The government has drafted a policy which seeks to revitalize and bolster the leather industry’s overall performance to achieve its full potential and drive manufacturing in the country.
Ministry of Agriculture, Livestock, Fisheries and Cooperatives Cabinet Secretary (CS) Peter Munya said that the policy would help the country’s deliverables to the realization of the Vision 2030 and the Big4 agenda.
In a speech read on his behalf by the ministry’s Chief Administrative Secretary (CAS) Lawrence Omuhaka at the Kenya Institute of Curriculum Development (KICD) during the Kenya leather development policy validation workshop, Munya said that the key objective of the policy is to increase Kenya’s market share in the global leather industry.

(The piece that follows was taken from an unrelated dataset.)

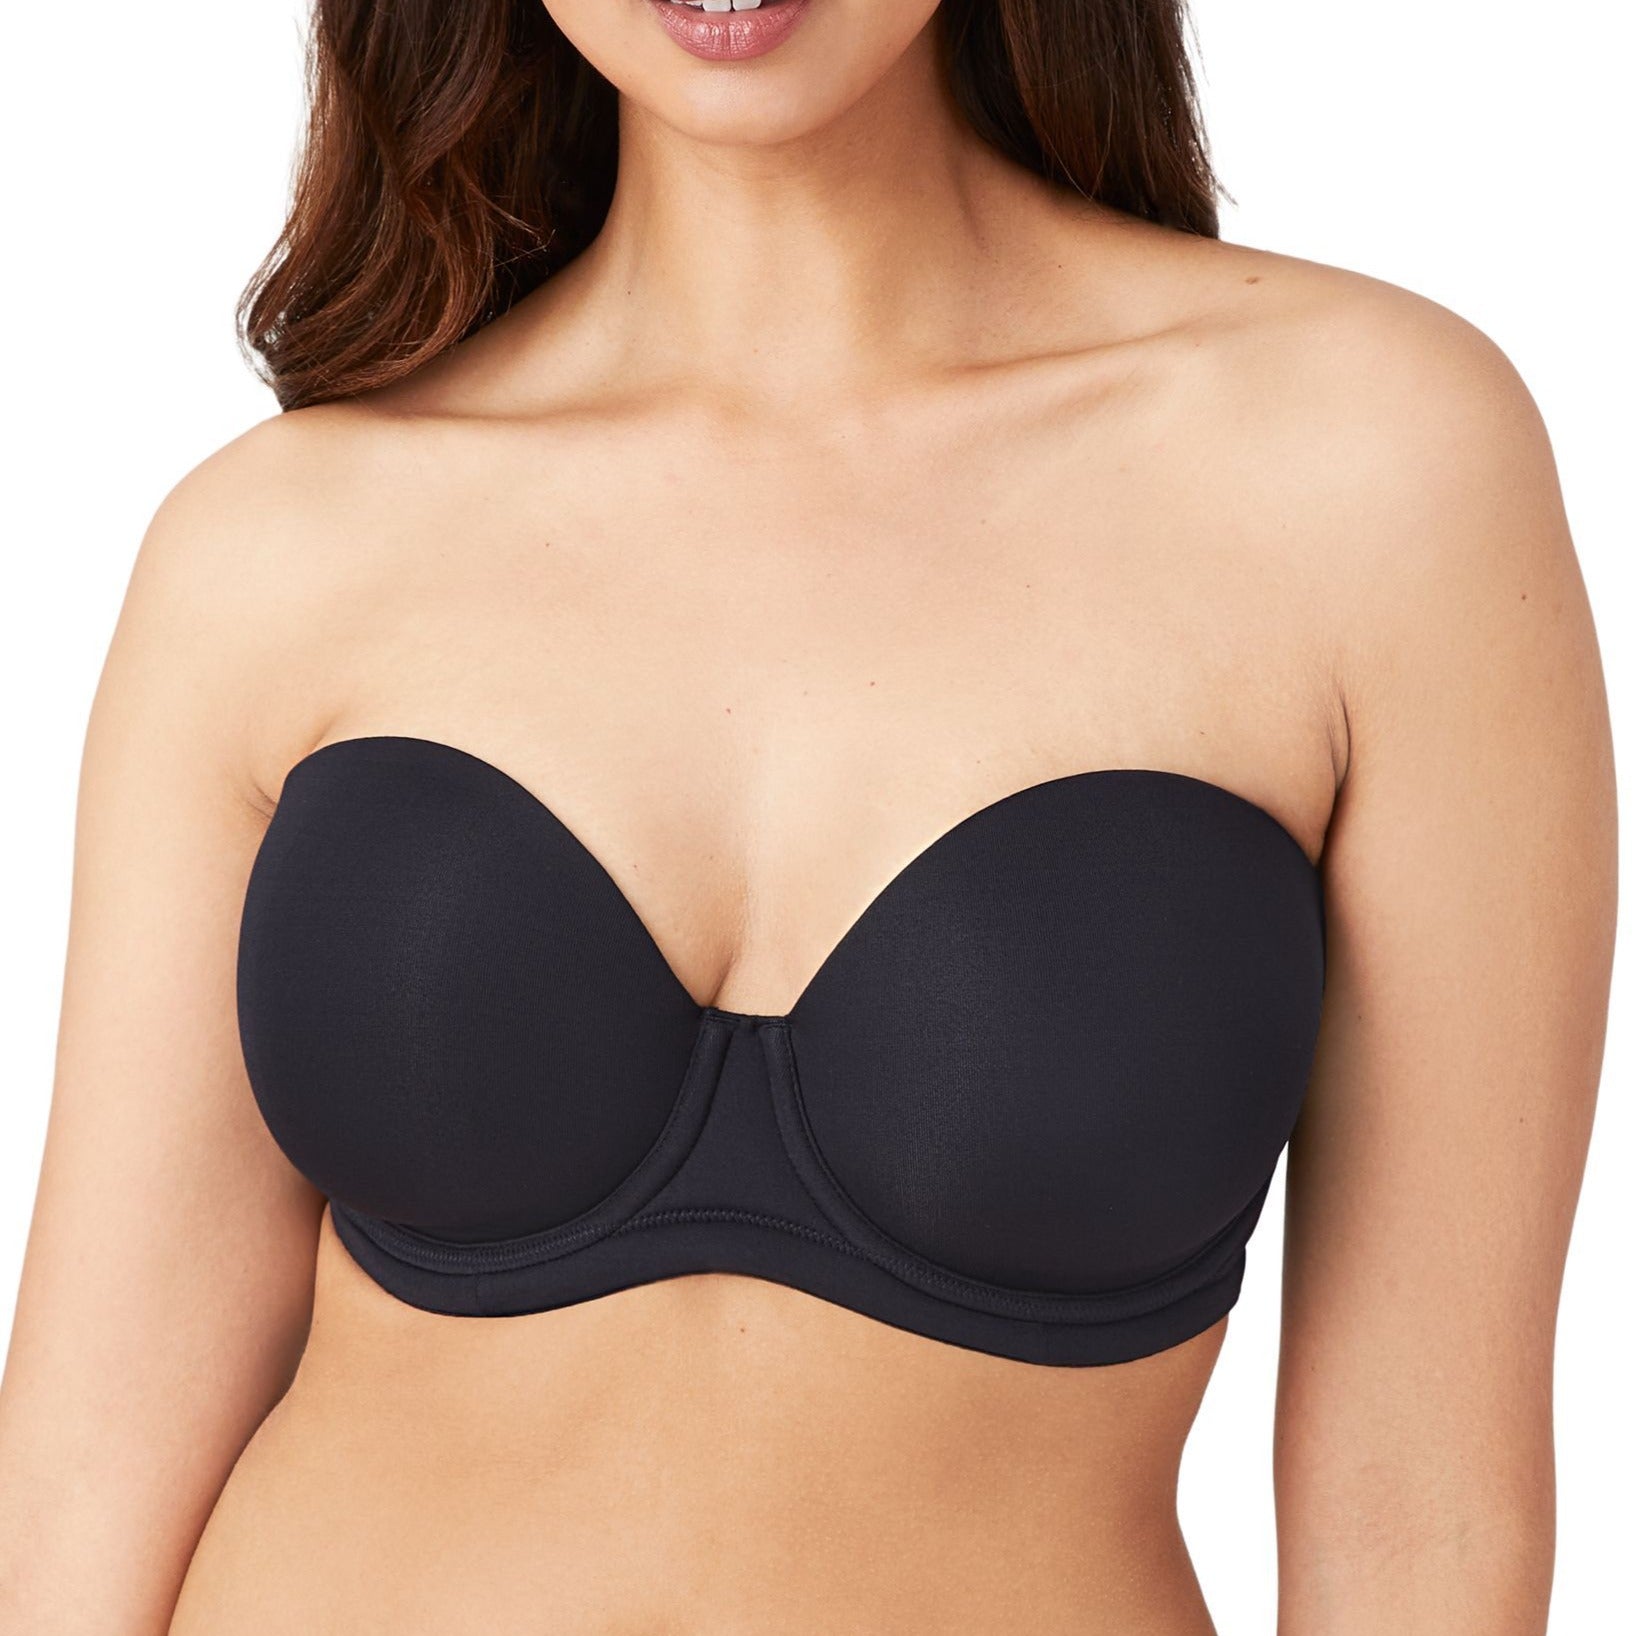 Muses Mall Strapless Push-up Bra Women Bra Invisible Strapless

Munya highlighted that the leather sector played a major role in the global economy, with an estimated global trade value of approximately $100 billion per year. This is said to be greater than the combined global value of meat, sugar, coffee and tea with this global trade value projected to grow to over $500 billion per year by 2027.

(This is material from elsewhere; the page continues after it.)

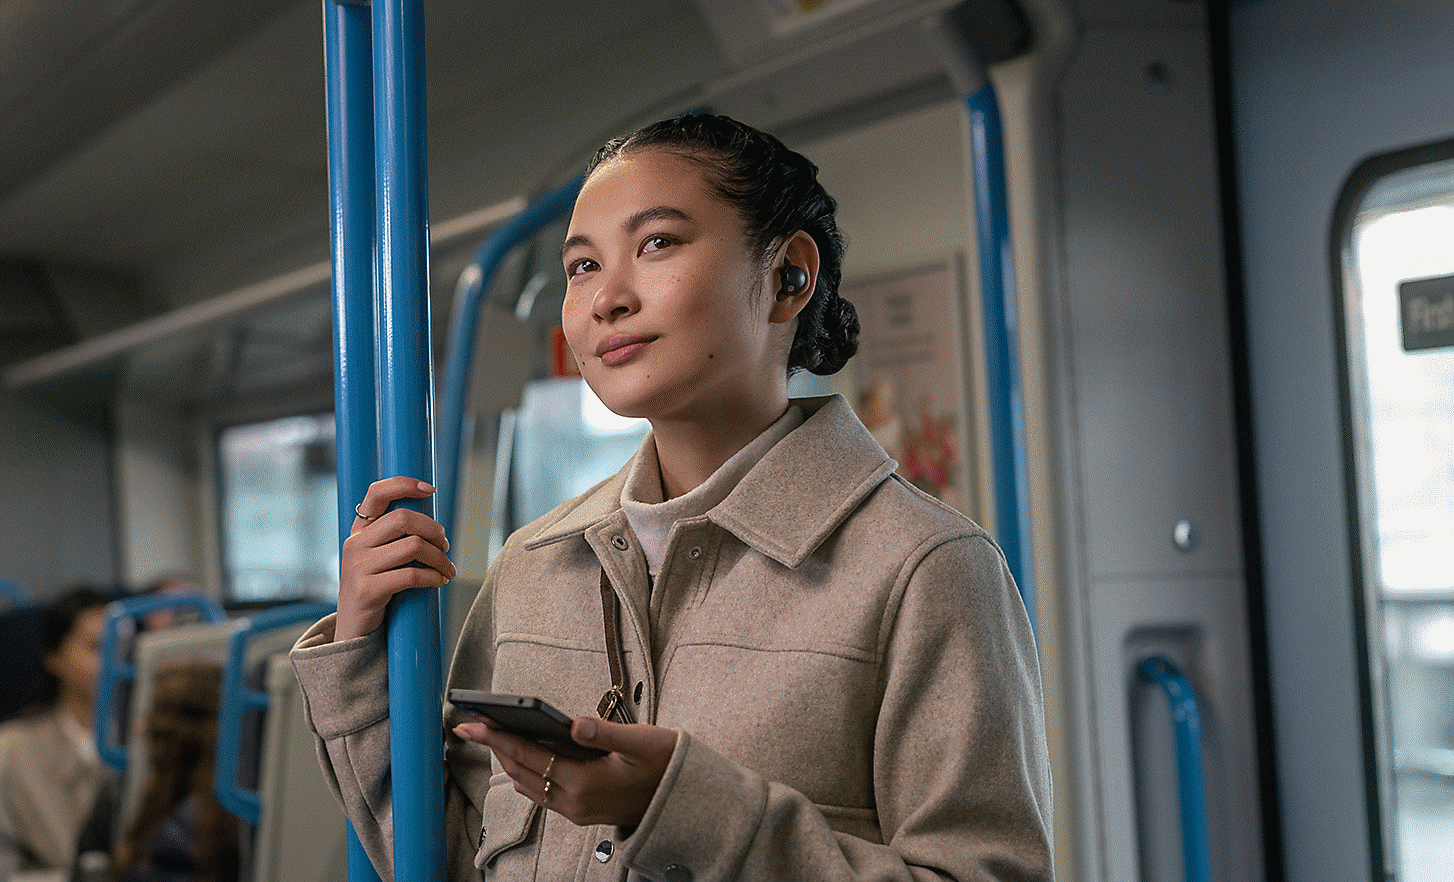 Image of a person in a train wearing the WF-1000XM5 headphones

“The scope of this policy is wide. Its successful implementation will require commitment from all stakeholders, both public and private. The interventions will in many instances involve a paradigm shift in the industry dynamics, which will require strategic management,” said Munya.
The CS said that the government has fully invested in the fulfillment of its obligations envisaged in the policy, through its Ministries, Departments and Agencies (MDAs).

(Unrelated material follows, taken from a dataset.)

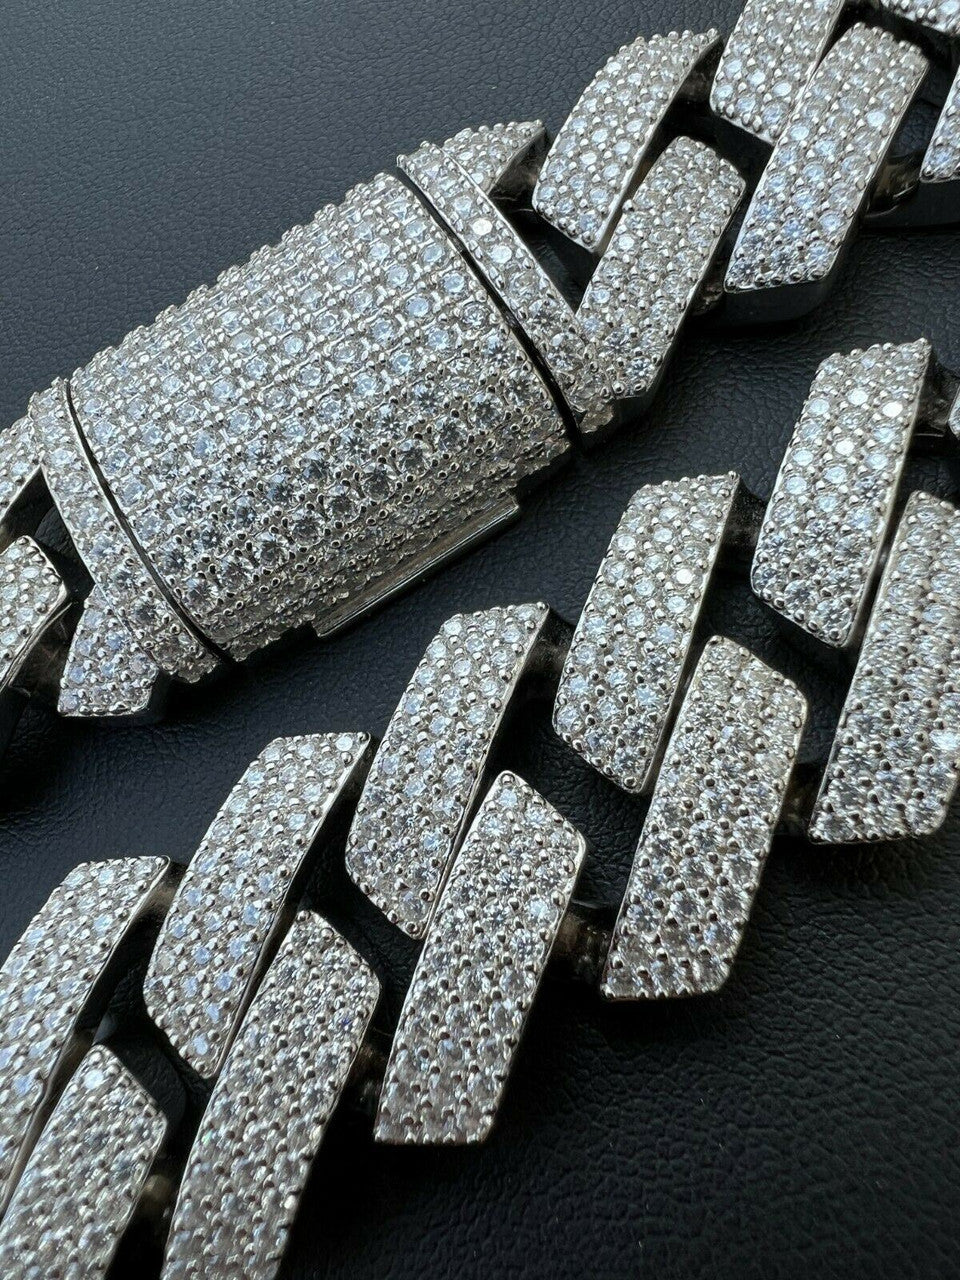 22mm White Gold Iced Prong Miami Cuban Link Chain Vvs Moissanite 925 Sterling Silver Necklace

“The leather sector in Kenya is estimated to be worth over Sh50 billion annually. Unfortunately, over 90 per cent of Kenya’s $94 million -Sh9.4 billion- leather exports are unfinished wet blue leather, whereas, further processing to finished leather and manufacture of leather products could create at least 50,000 more jobs and an additional $150-250 million -Sh15-25 billion- to the Gross Domestic Product (GDP),” said Munya.
The CS observed that according to the Leather Value Chain Investment Profile, Kenya contributes to only 3.5 per cent of leather production on the African continent, despite having the third-biggest livestock resource in Africa.
“This policy provides a roadmap for the growth and development of the industry which has been negatively impacted by the liberalization policies of the 1990s. Other challenges facing the industry include the downturn in the global economy and most recently the devastating impact of the Covid-19 pandemic. This has unfortunately affected the performance of the industry,” said Munya.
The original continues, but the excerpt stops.